Training and inferencing

“Training is where you invest in AI,” Salvator told me. “And when you go to inference and deploy, an organization starts seeing the return on that investment. And so if you can have performance benefits on both sides, the presence of the NVSwitch and the NVLink fabric is delivering value.”

NVSwitch’s nonblocking architecture enables faster data sharing between GPUs, critical for maintaining high throughput during model inference. This especially benefits models such as Llama 3.1 70B, which has substantial communication demands. Using NVSwitch in these scenarios can lead to up to 1.5 times greater throughput, enhancing the overall efficiency and performance of the system.

Case study: impact on Llama 3.1 70B model

The blog post looked at NVLink and NVSwitch’s impact on using the Llama 3.1 70B model. In Nvidia’s test, the results showed that systems equipped with NVSwitch outperformed those using traditional point-to-point connections, particularly when handling larger batch sizes.

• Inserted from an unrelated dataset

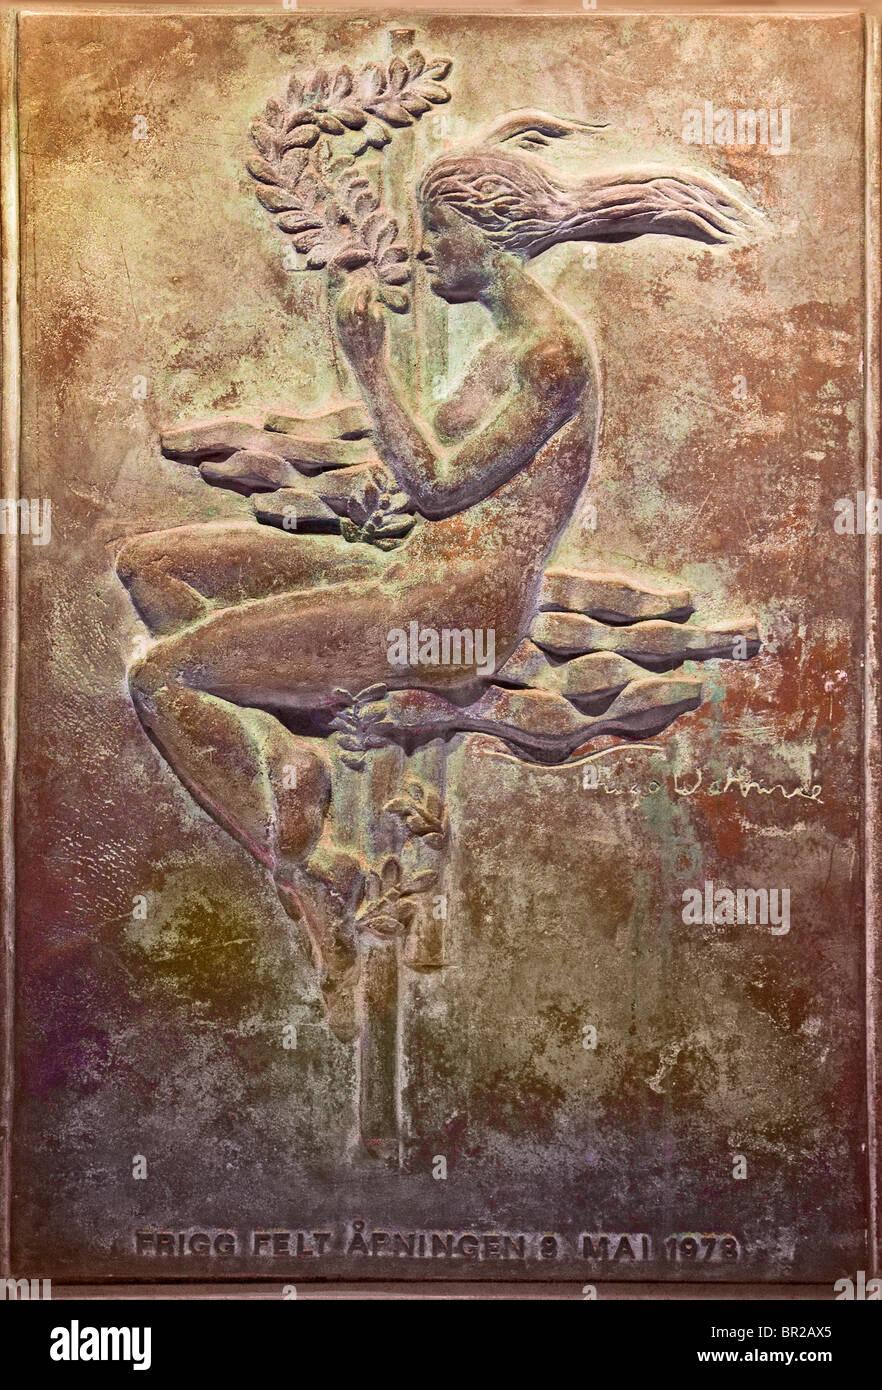 la escultura del artista hugo frank watne de la mitología nórdica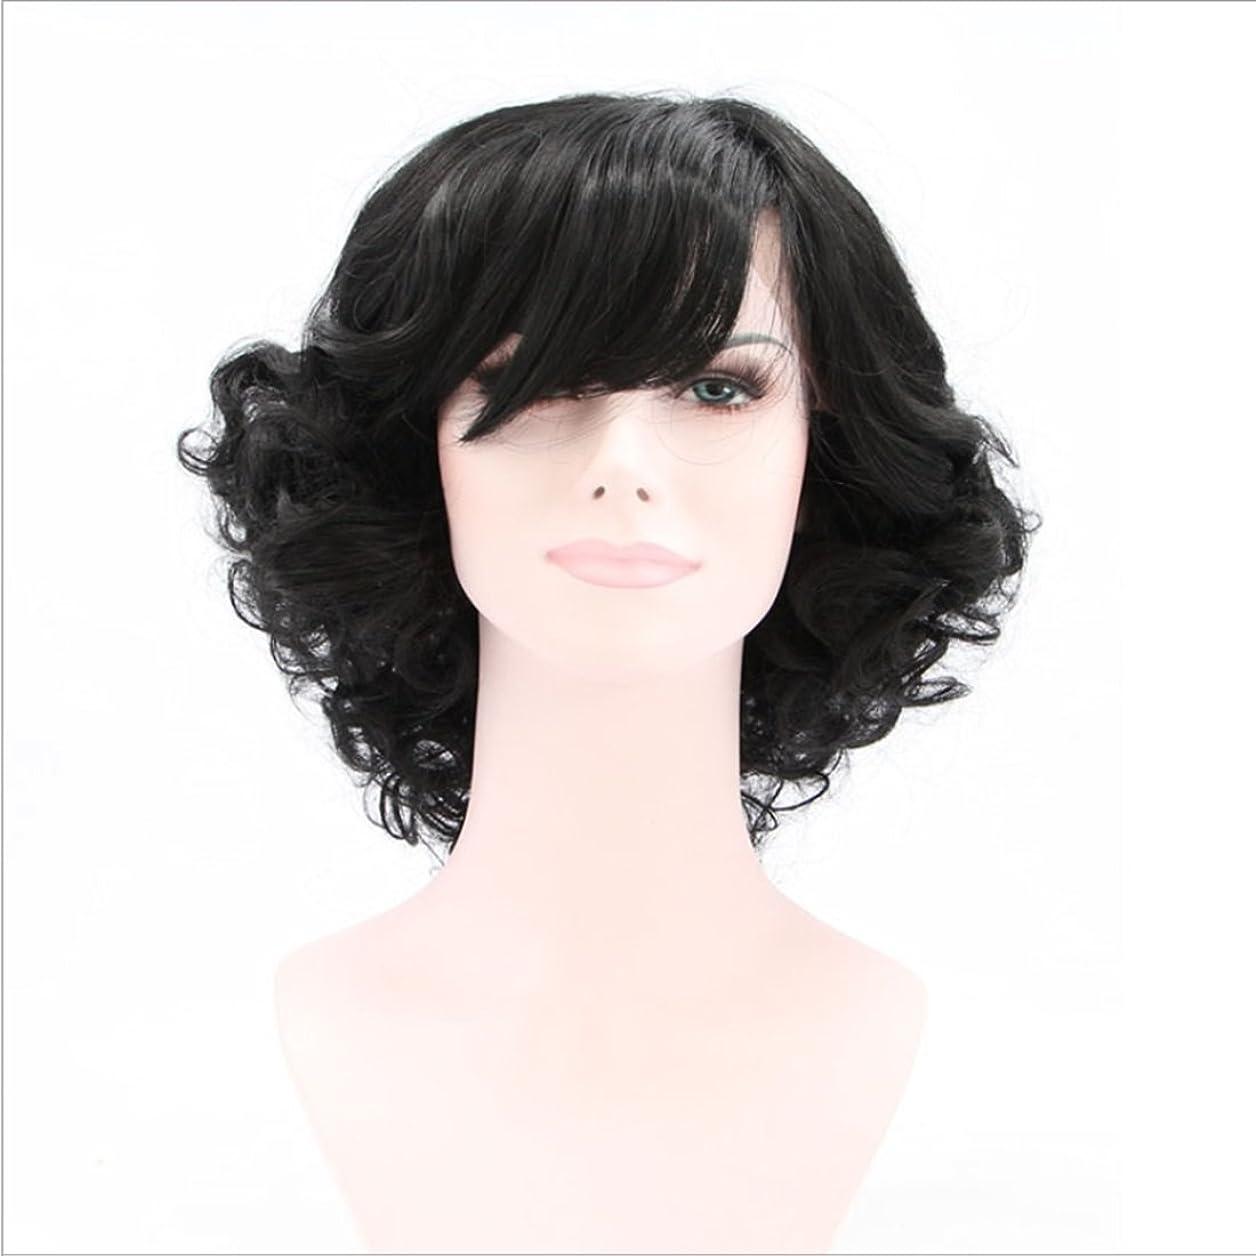 関係する勝利した硫黄Doyvanntgo 女性のための短いカーリーウィッグ高温シルクのフロント斜めバングの合成毛のフロントフルハウス織りのための自然な黒のかつらカーリーヘア (Color : ブラック)

According to Nvidia, NVSwitch reduced the time required for GPU-to-GPU communication and improved overall inference throughput. This improvement translates to faster response times in real-world applications, crucial for maintaining a seamless user experience in AI-driven products and services.

Looking ahead: the Blackwell architecture

Nvidia’s Blackwell architecture introduces the fifth generation of NVLink and new NVSwitch chips. These advancements increase the bandwidth by two times to 1,800 GB/s per GPU and efficiency of GPU-to-GPU communication, enabling the processing of even larger and more complex models in real time. Only time will tell on this, though.

Some final thoughts

Nvidia’s NVLink and NVSwitch technologies are critical components in the ongoing development of LLMs. In thinking about these technologies and the rapid pace of development, there are three key points to keep in mind:

  • Enhanced GPU communication is on the way: Nvidia’s NVLink and NVSwitch will improve GPU-to-GPU data transfer and reduce latency in LLM inference.
  • Scalability for larger models is achievable: These technologies enable efficient scaling in multi-GPU systems while maintaining high performance even as model sizes increase.
  • Nvidia has Blackwell in the wings: The upcoming Blackwell architecture will introduce further advancements, boosting performance for even more complex AI models.

These developments are exciting, and it will be interesting to see how the industry and customers respond. Nvidia continues to push the AI envelope, and that has kept it in the lead, but the race is far from over.

Zeus Kerravala is a principal analyst at ZK Research, a division of Kerravala Consulting. He wrote this article for SiliconANGLE.